Clem: "So! What we got here is a title game. First of its kind."

(pregnant pause)

Dirk: "Ayup"

(pregnant pause)

Clem: "Think somewhere along the lines we shoulda set up some of that there fancy shmancy recording quipment."

(pregnant pause)

Dirk: (turns with a wide-eyed stare) "Ayup"
 
I was going to watch it, but you just spoiled the ending. :mad:

That is pretty cool though.
 
The first few games wasn't called the SB. It was the AFL NFL championship game . It wasn't until Lamar hunt saw his grand daughter bouncing a SUPER ball. That he came up with the name Super bowl.
 
Lombardi: "They're killing me, Whitey.

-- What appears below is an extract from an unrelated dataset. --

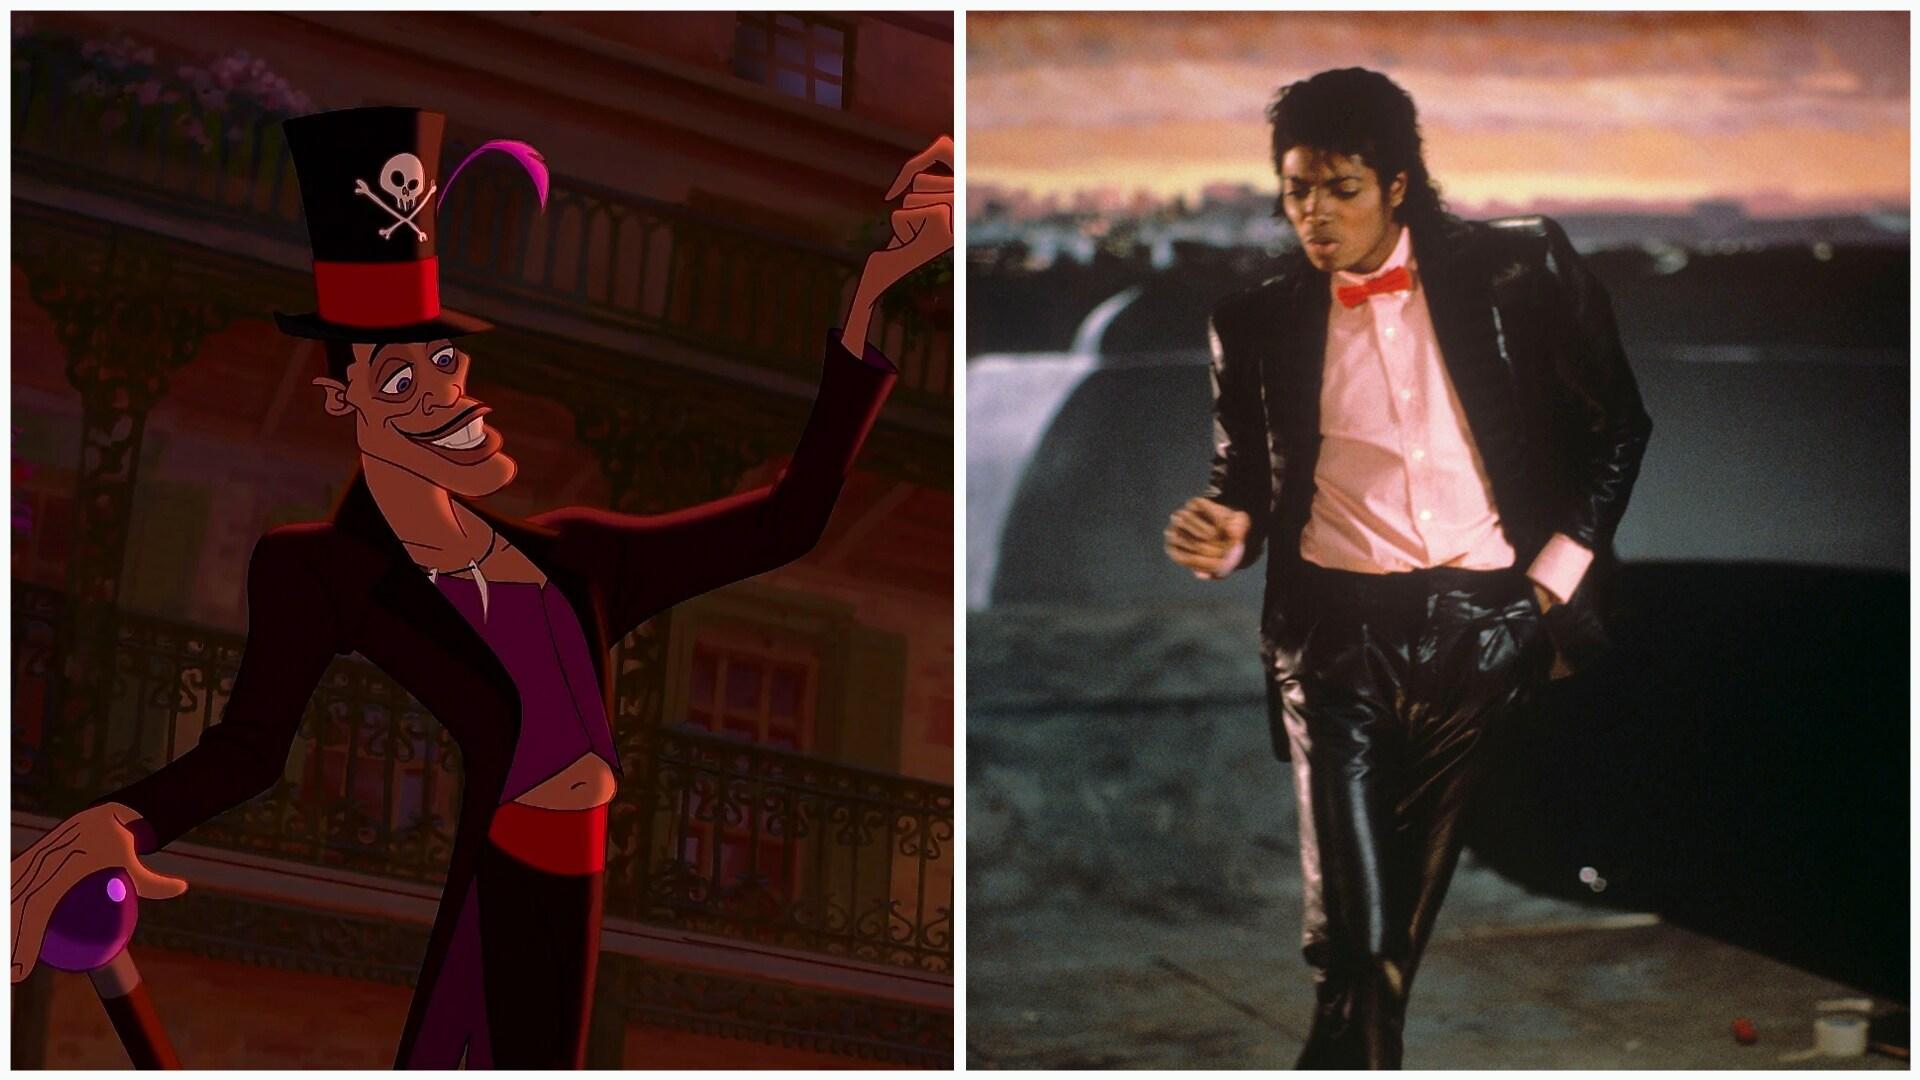 Dr. Facilier e Michael Jackson

THey're killing me.
https://www.youtube.com/watch?v=2PYJ_7Wngck

That was Lou Saban, Bills HC. And I believe, Nick's uncle.
I love that quote also, I used to say it at work to mess with guys all the time, especially if they were black. We had a cool department.

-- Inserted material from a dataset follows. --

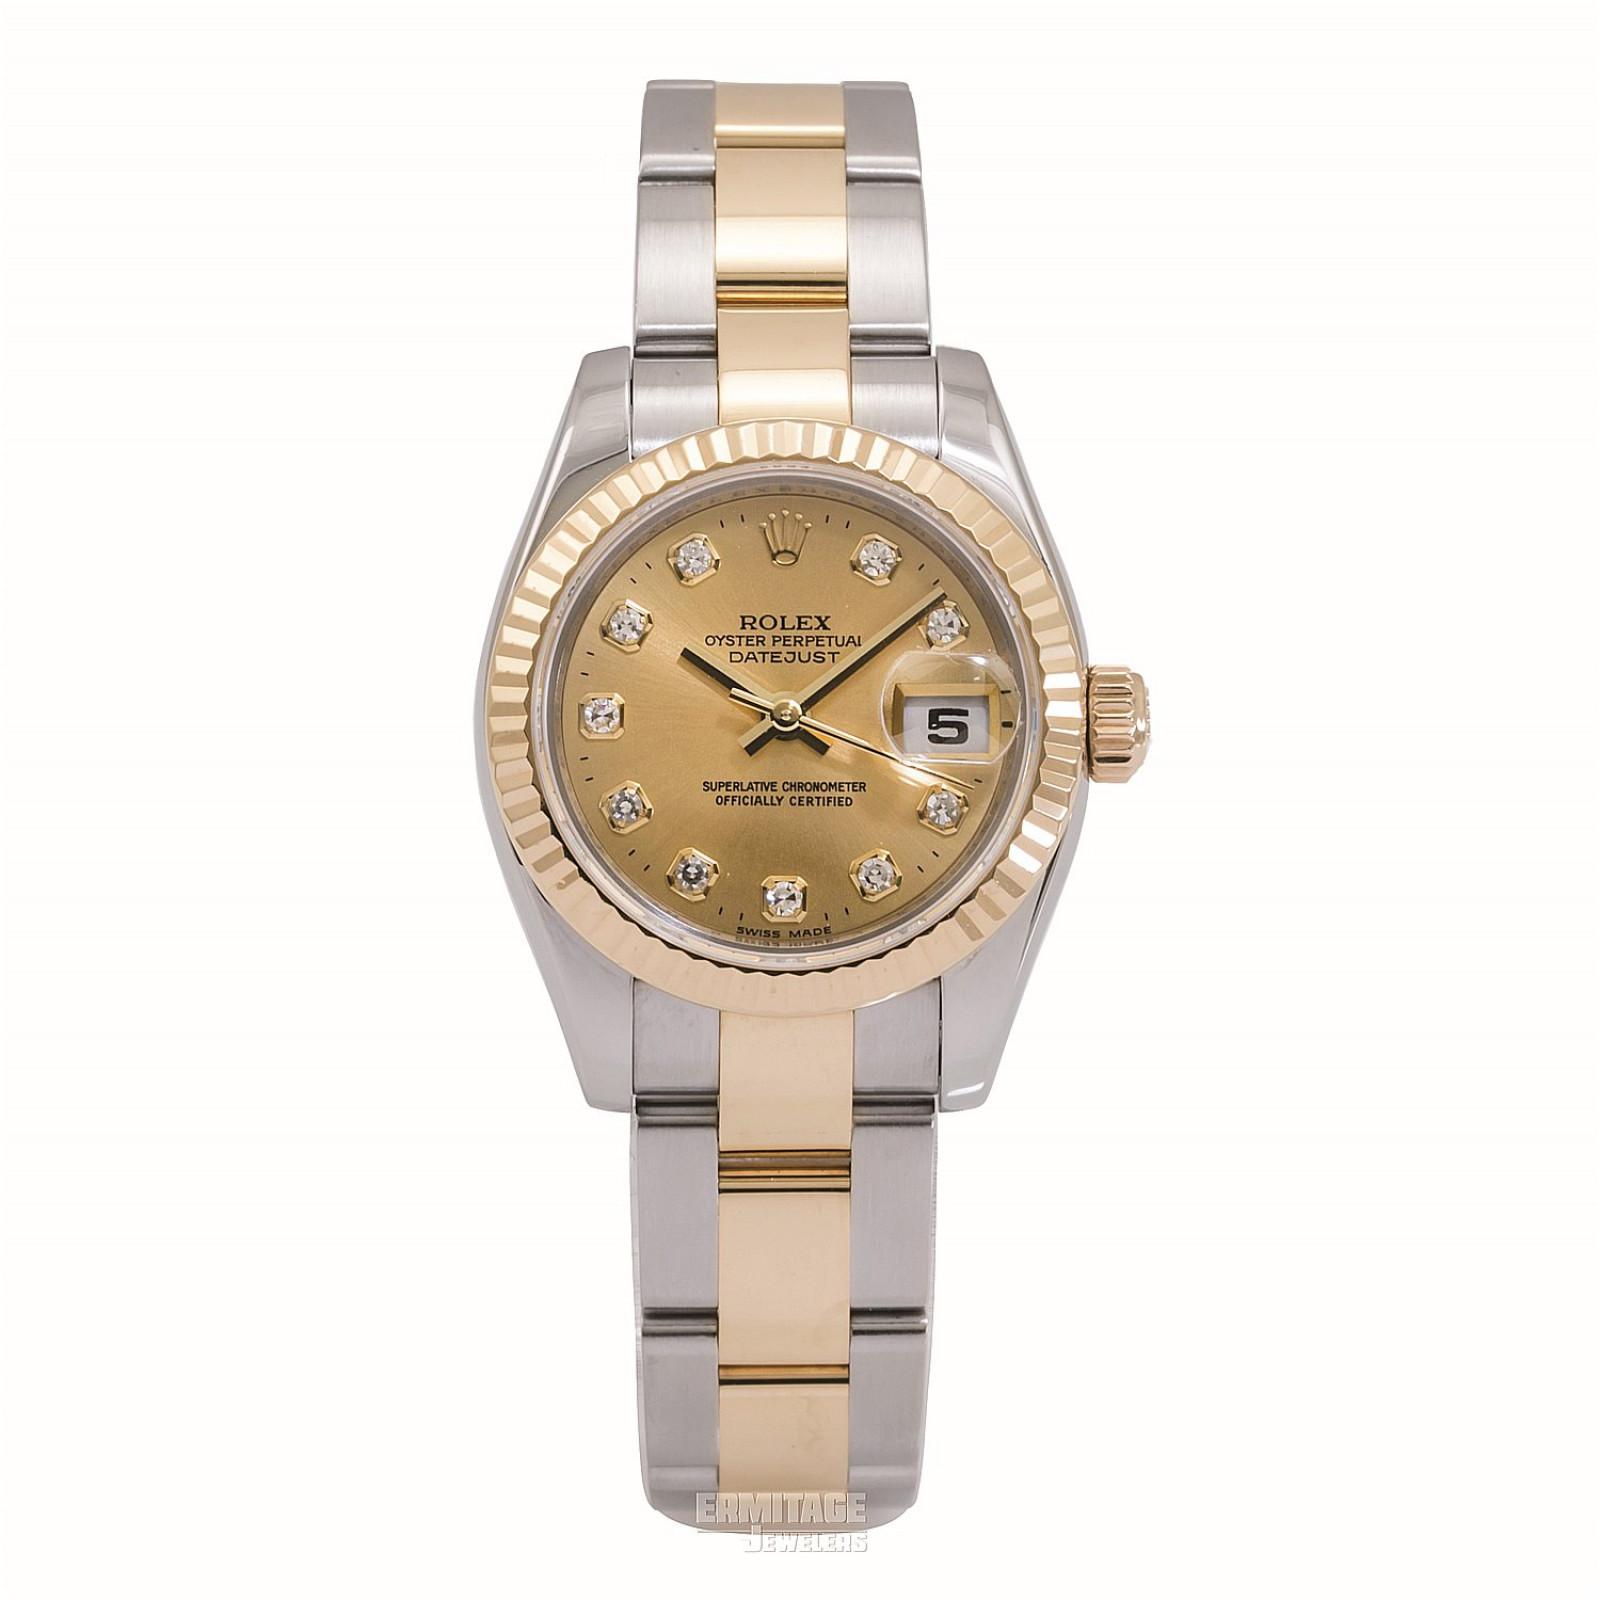 2009 Champagne Rolex Datejust Ref. 179173

I would love to watch this game, just not sure I will get the chance and the DVR is pretty full.
 
Lenny Dawson during SB I, paving the way for the kale-enemas and vegan torture trials of health-conscious athletes to follow:

len-dawson-cig-super-bowl-01192014.jpg


(a beer would have made this perfection)
 
LOL that's great. I remember the Football Life on Stabler talking about he'd sit at his locker smoking or something like that.
 
Did anyone else here watch this? NFLN did a terrible job, IMO.

Len Dawson was the only commentator worth listening to--the rest of the commentary was just awful.
 
I heard the same sentiment on PFT by almost 100% of the posters there who watched it. It was UNIVERSALLY PANNED as a presentation. Too much new school blabbering not enough old school footage. I won't be DVRing it.
 
It is direct evidence of how contrived and packaged the new NFL is. It can't even broadcast a classic game without mucking it up.

The Sabols must be spinning.
 
I remember watching the original game - I had the NFLN show on kind of in the background - didn't realize we hadn't seen these recordings before. They seem to keep repeating themselves about how the Chiefs linemen were bigger.

Did they show Al Hirt perform at half-time? Lombardi in the locker room after the game saying bluntly that the Chiefs were not as good as the best NFL teams? That made quite an impression on me, that he would actually say that.